Note on the material below: return exactly the lines from the line that holds "Ski Slope with Fresh Curves Stock Photo" through the line that holds "affiche documentaire arnold", and leave out each picture.

# Available records
<<<<

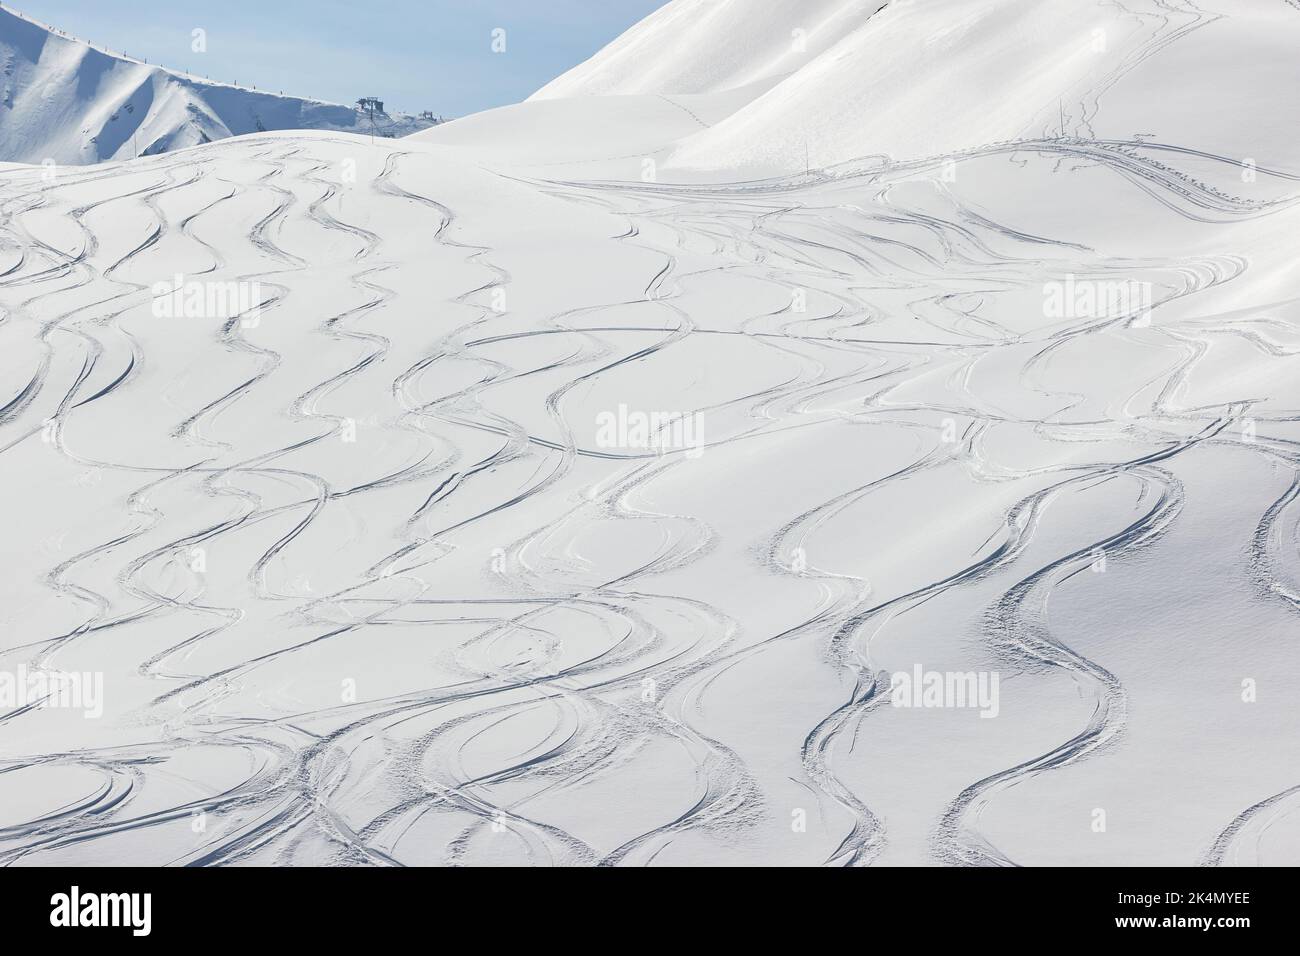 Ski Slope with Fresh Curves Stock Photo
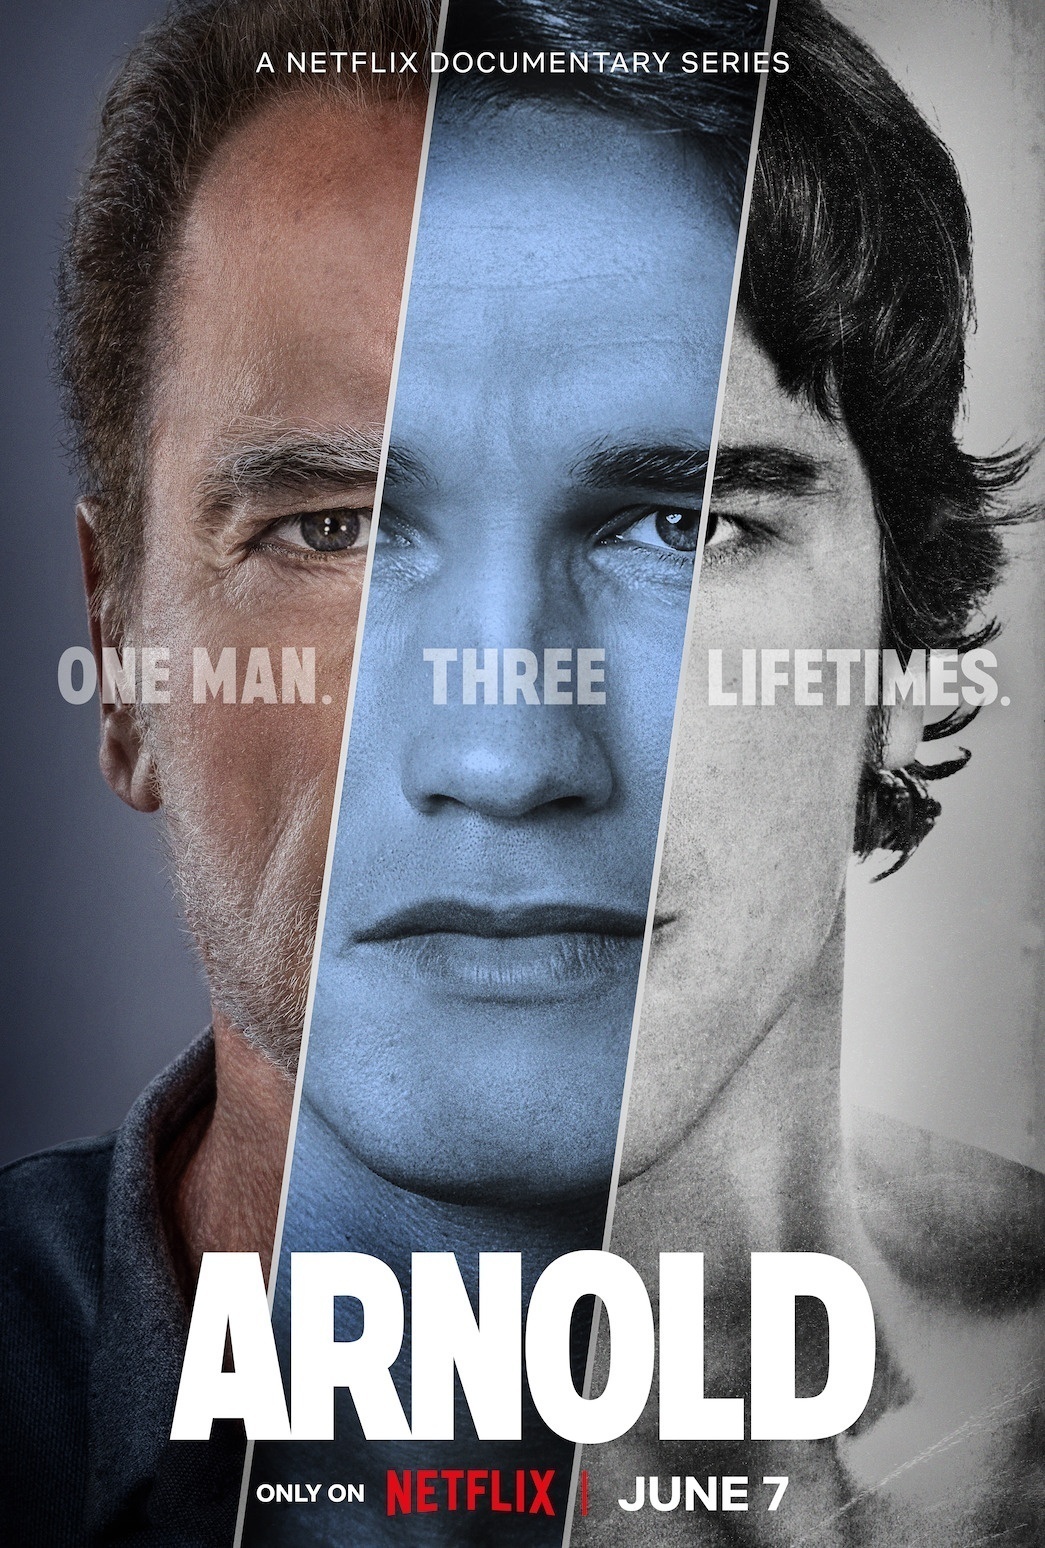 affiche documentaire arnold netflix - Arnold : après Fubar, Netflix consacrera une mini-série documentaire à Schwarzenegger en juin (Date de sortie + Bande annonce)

>>>>
<<<<

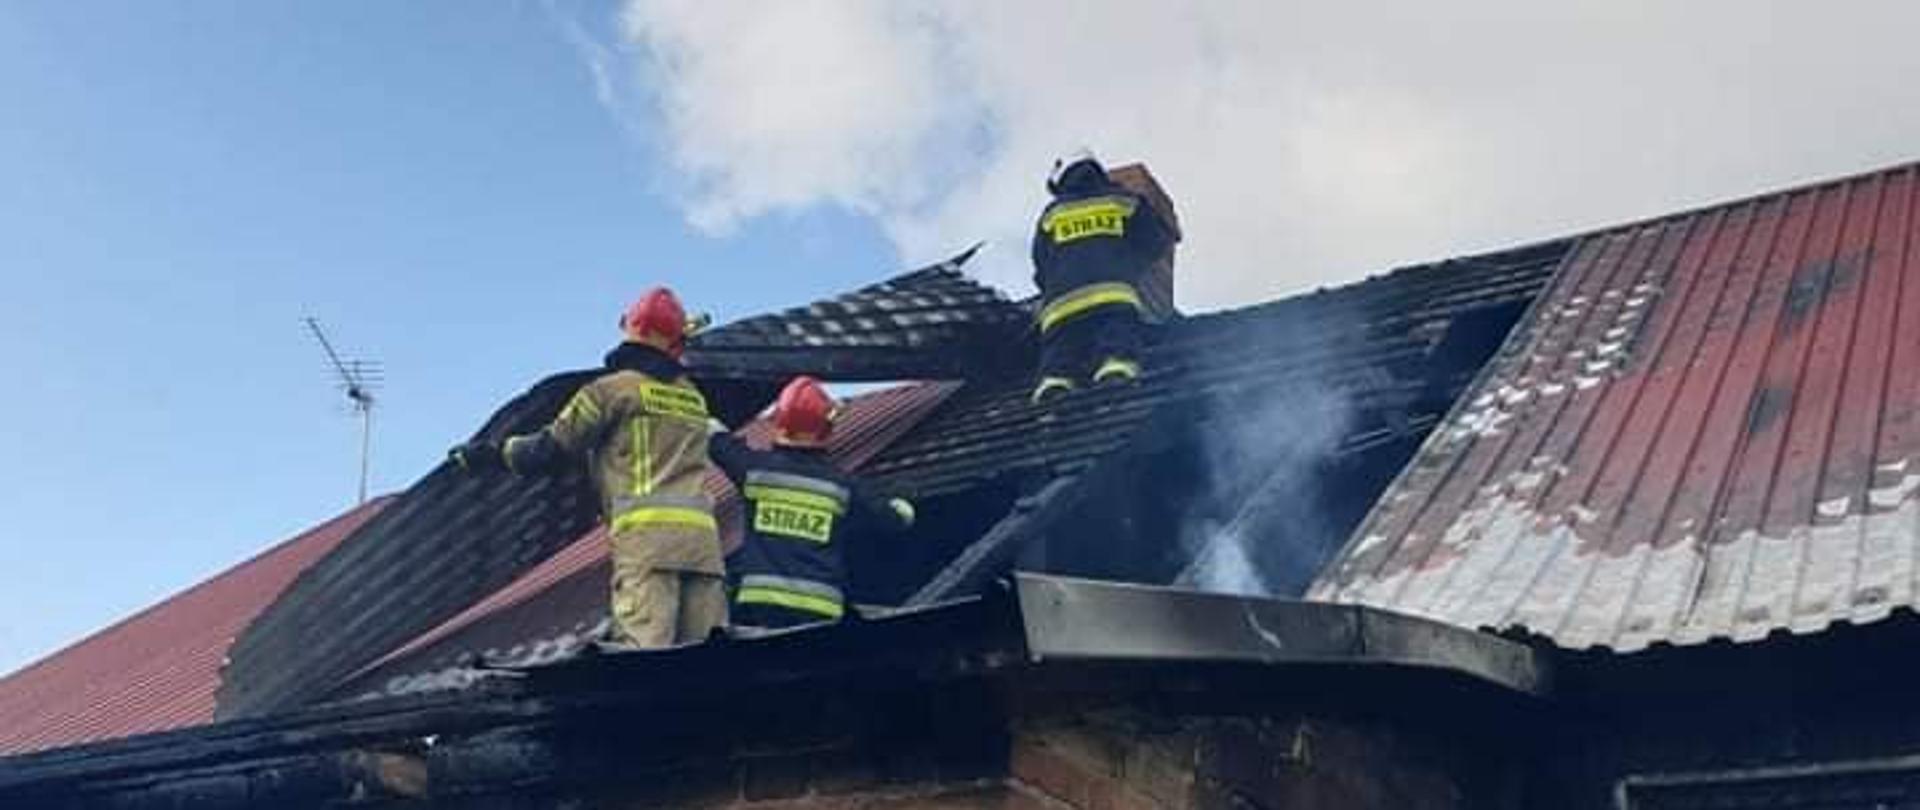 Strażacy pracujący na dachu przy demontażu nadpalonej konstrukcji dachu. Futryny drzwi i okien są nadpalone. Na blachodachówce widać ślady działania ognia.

>>>>
<<<<

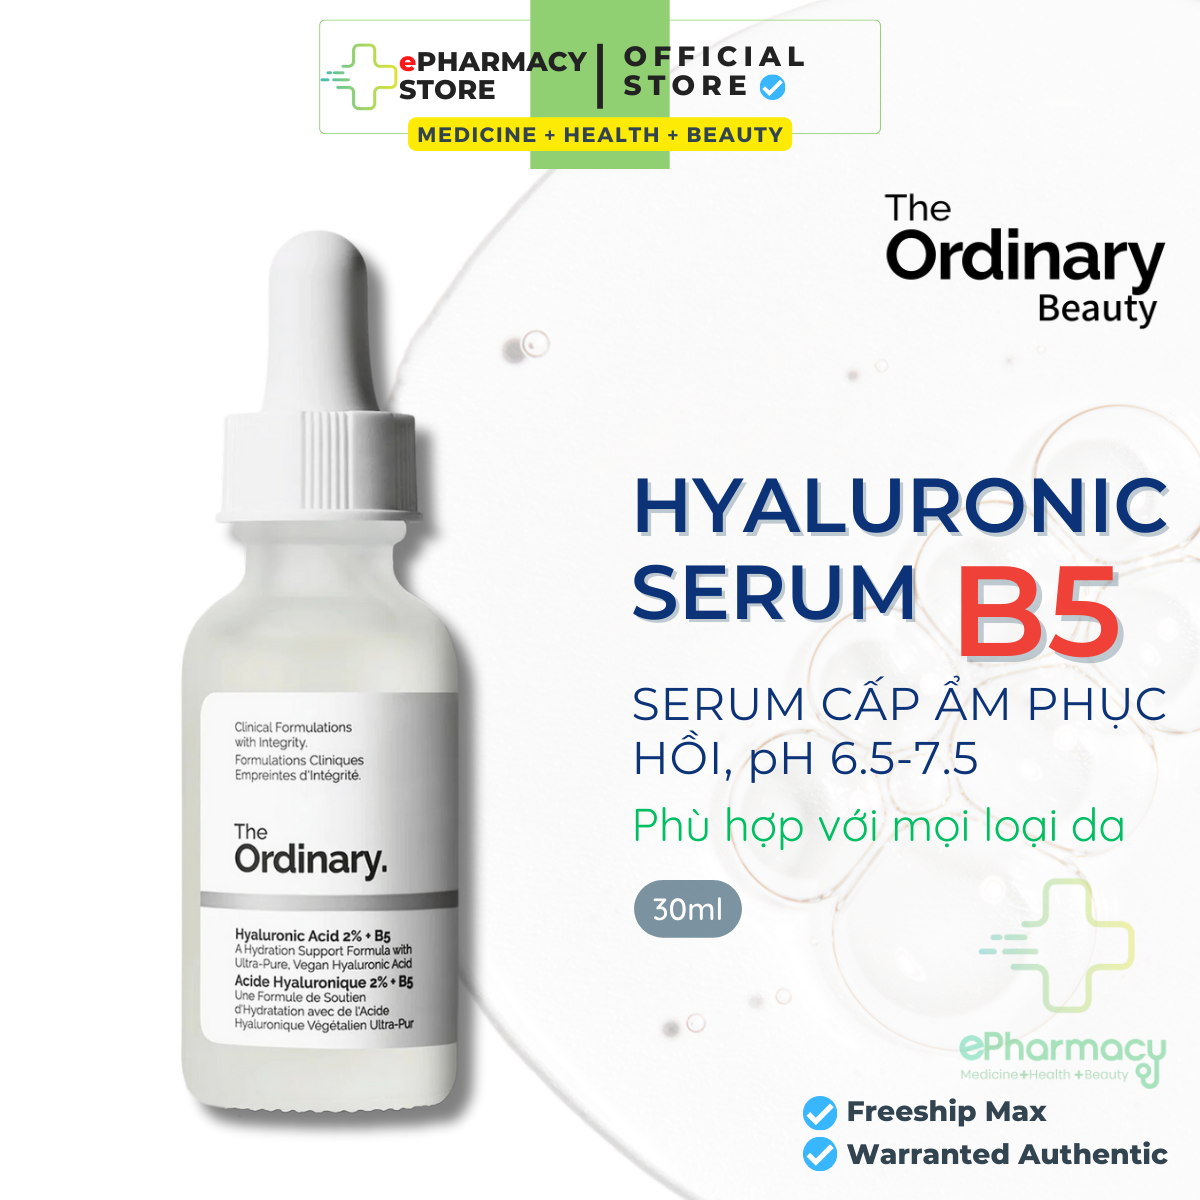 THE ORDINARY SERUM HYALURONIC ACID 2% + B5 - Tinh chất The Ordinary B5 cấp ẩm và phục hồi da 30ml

>>>>

# Solution
 Ski Slope with Fresh Curves Stock Photo
 affiche documentaire arnold netflix - Arnold : après Fubar, Netflix consacrera une mini-série documentaire à Schwarzenegger en juin (Date de sortie + Bande annonce)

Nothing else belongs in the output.